Había mesas corridas en la calzada para las familias. Cada grupo cocinaba para su peña. Así que me acerqué a uno que me admitió abonando una entrada de acceso. Disfruté viendo los preparativos en aquella paellera gigante donde el paellero encargado navegaba con un remo dando vueltas al sofrito de alimentos cortados en pedacitos para potenciar el sabor. Todas las paelleras burbujeaban en humaredas de cortos vuelos que densificaban de grises el aire arremolinado de las calles.

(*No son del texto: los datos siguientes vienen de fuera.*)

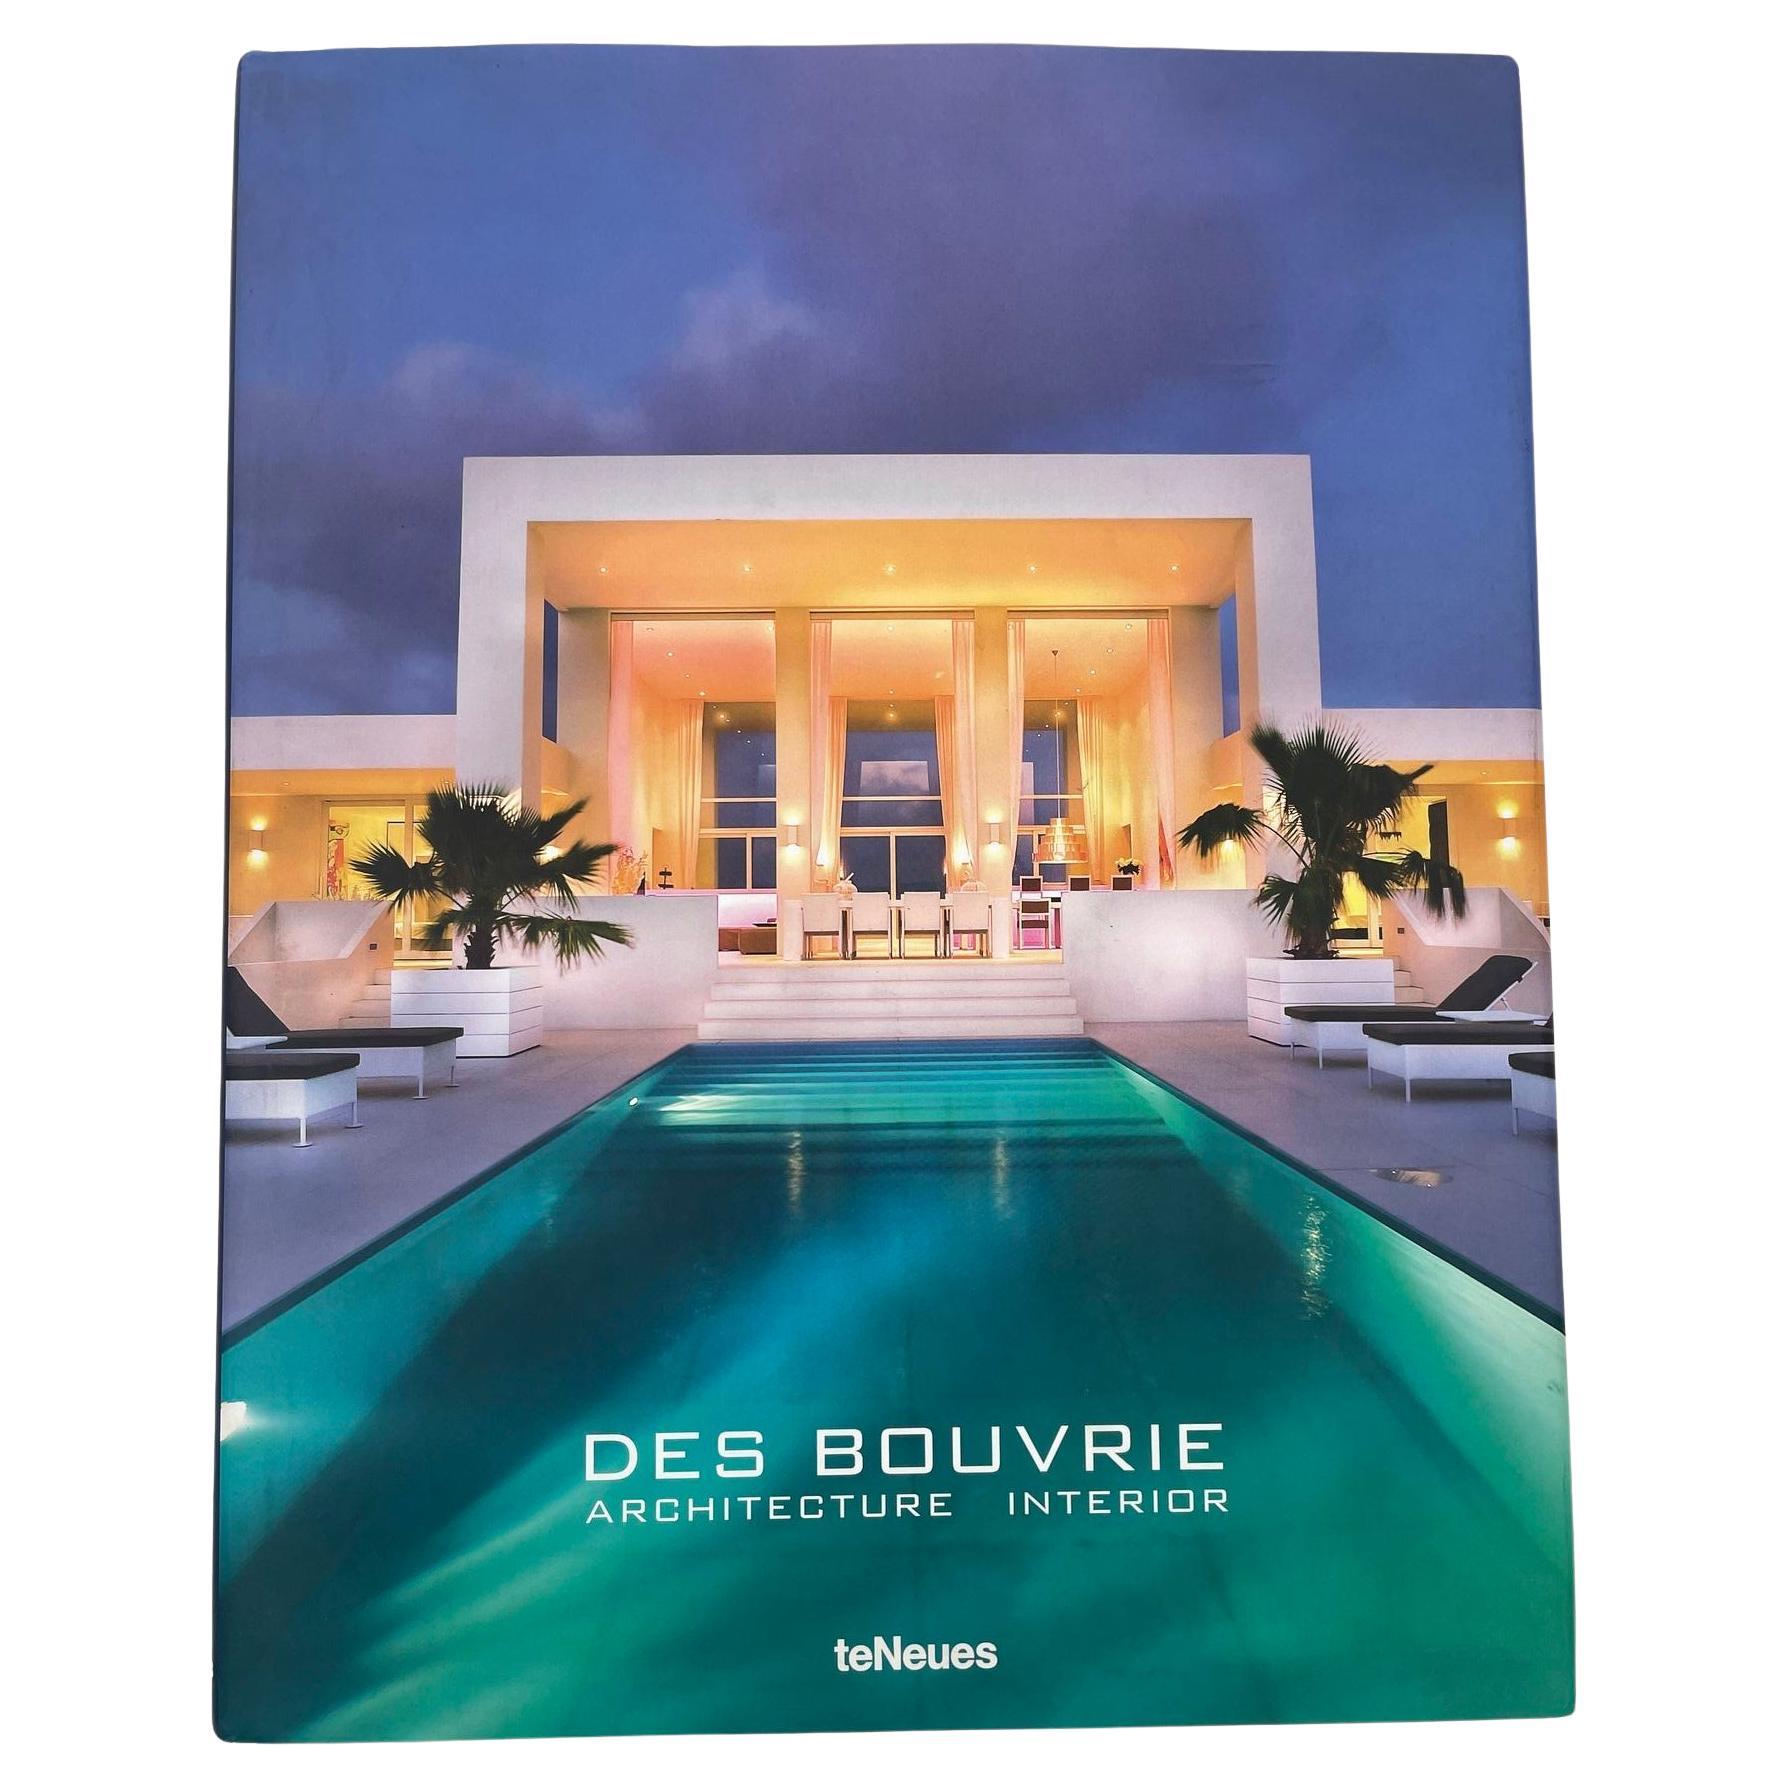 Des Bouvrie, Architecture Interior by Jan and Monique des Bouvrie 2015

Sentados en mesas, o bien de pie, con utensilios de plástico (platos y cubiertos), llegó la hora de la degustación. Saboreé el arroz con preferencia el socarrat y en mi afán de compararlo con otros guisos probados anteriormente (arroz con costra ilicitano, a banda alicantino, de marisco valenciano, fideuás catalanas, etc.) esta paella rozaba la excelencia. La Fiesta del Arroz de Benicàssim, popular, como un acto social entrañable, fue una experiencia de sabor caramelizado, tiznada de color y de fragancia amaderada y torrada. Terminé con un paseo por la playa amplia y tranquila y me dije que después del ruido de la mañana sería bueno hacer un retiro espiritual en el Desierto de las Palmas. A lo mejor un día lo hago.